Our correspondent’s argument contains one fatal defect : his assumption that a bye-law ceases to be effective because a number of public meetings protest against it. Even if we assume (a very big assumption) that the Tory, Liberal, and Labour supporters who form the vast majority of the audiences who gather in public places, would support such a protest, the fact remains that a big majority of the members elected to sit on the London County Council are in favour of the ban, and their supporters, if not activelv in favour, are at least not prepared to demand its withdrawal. It is not within the limited means of the S.P.G.B. to reach the whole of the electorate in London, and the few we can reach at our meetings arc too few to change the composition or to influence the actions of the L.C.C. So long as the L.C.C. is composed of people who want the ban, so long will that bye-law remain in force. And so long as it remains in force, the L.C.C. have the power to see that it is carried out.
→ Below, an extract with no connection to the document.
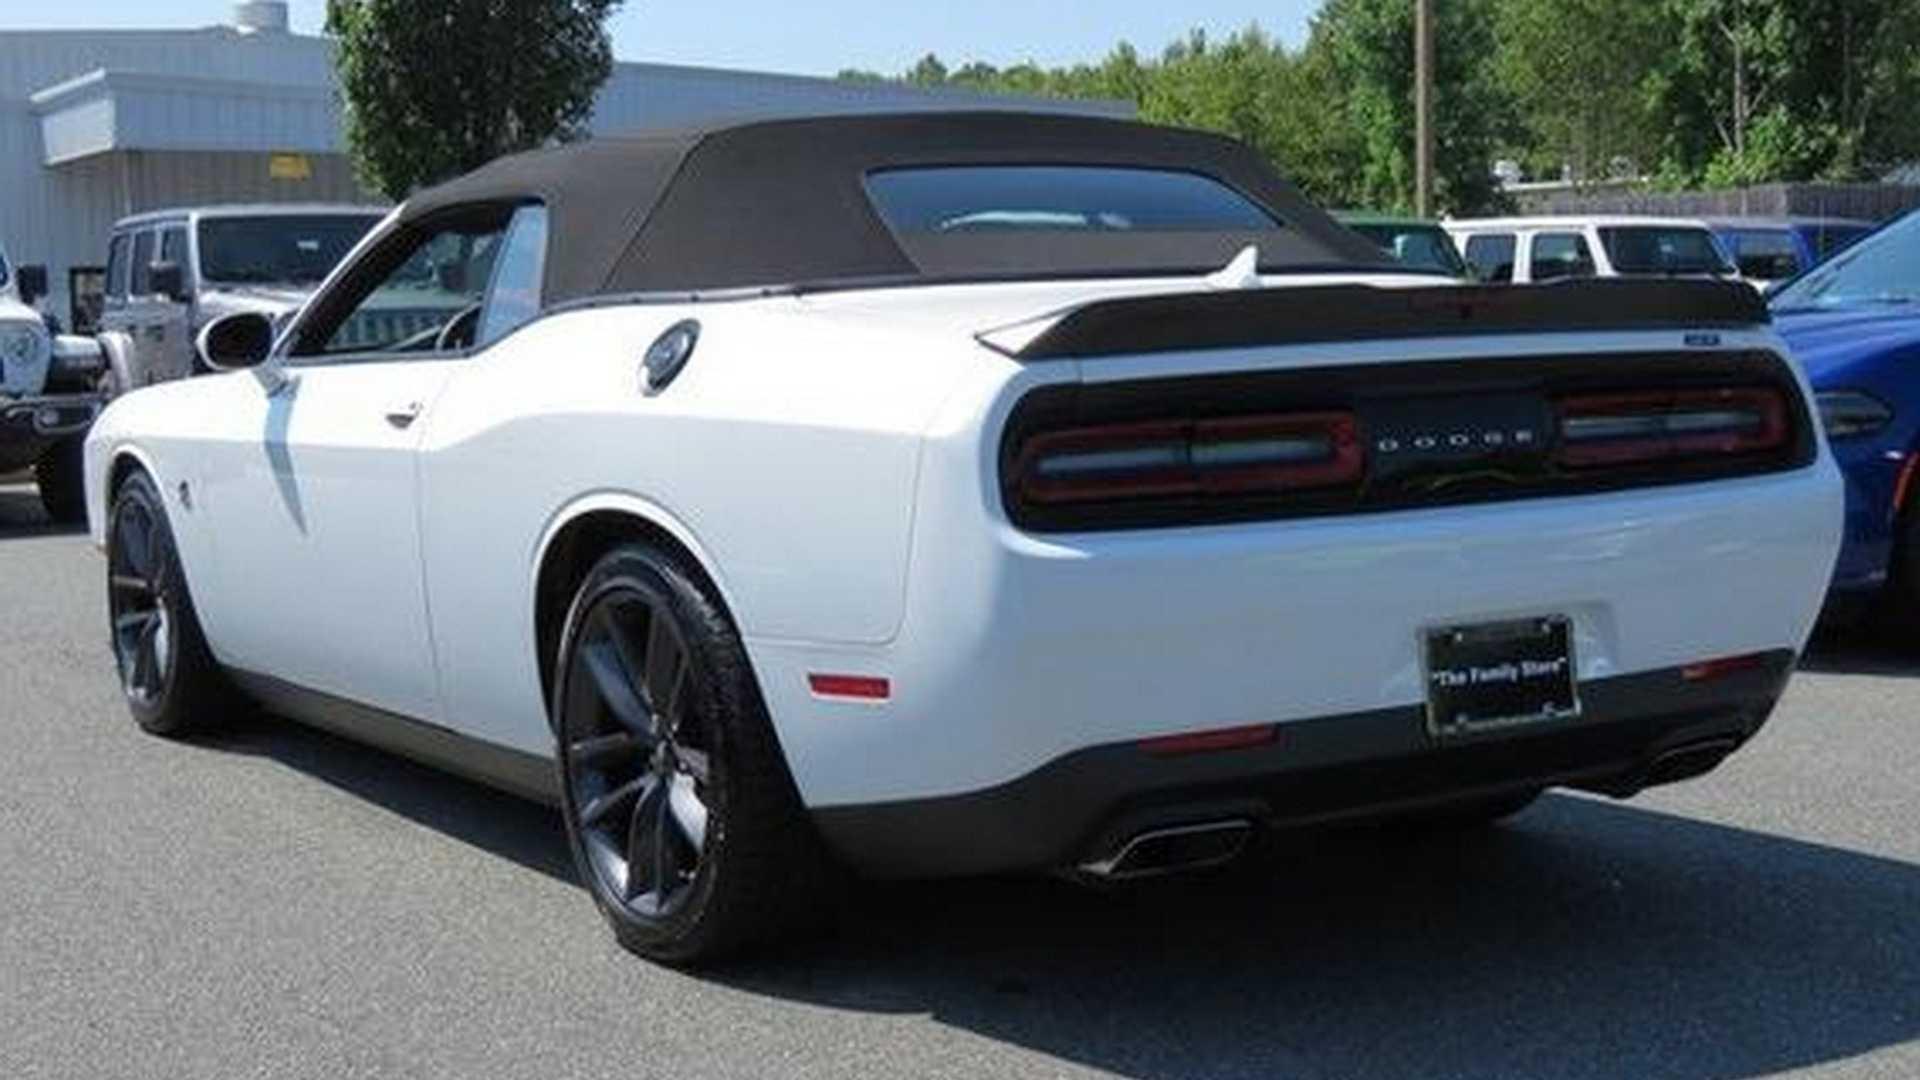 Дилер сделал Dodge Challenger без крыши, чтобы клиенты не уходили за Камаро и Мустангом 2

If our speakers ignored it, they would be faced, as several individuals (not our members) have already been faced, with fines or the alternative of imprisonment. Being a working-class organisation, we cannot light-heartedly accept the burden of paying a number of fines and of losing our jobs (those who have them) by going to prison. To do so in the case in question would, in any event, be without effect upon the L.C.C., since the imposition of such fines would please them without causing the slightest trouble or embarrassment. It would probably not even lose them votes. When we have to consider taking suchcostly action, it must be for a purpose much more worth while than fighting this particular bye-law, which, troublesome as it is, does not prevent us from carrying on propa¬ganda. It has indeed decreased our income, and so far we have not been able to make good the loss in other directions. We hope, however, that our efforts to do so will prove successful in the near future.
ED. COMM.
A correspondent draws our attention to the first paragraph on page 17 of Boudin’s “Theoretical System of Karl Marx,” which lays it down that the class which owns the new means of production is always victorious in its conflict with the older ruling class. Our correspondent points out that if this is true then the working class— not being property owners—will never achieve their emancipation. He also assumes that the passage in question is a quotation from Marx.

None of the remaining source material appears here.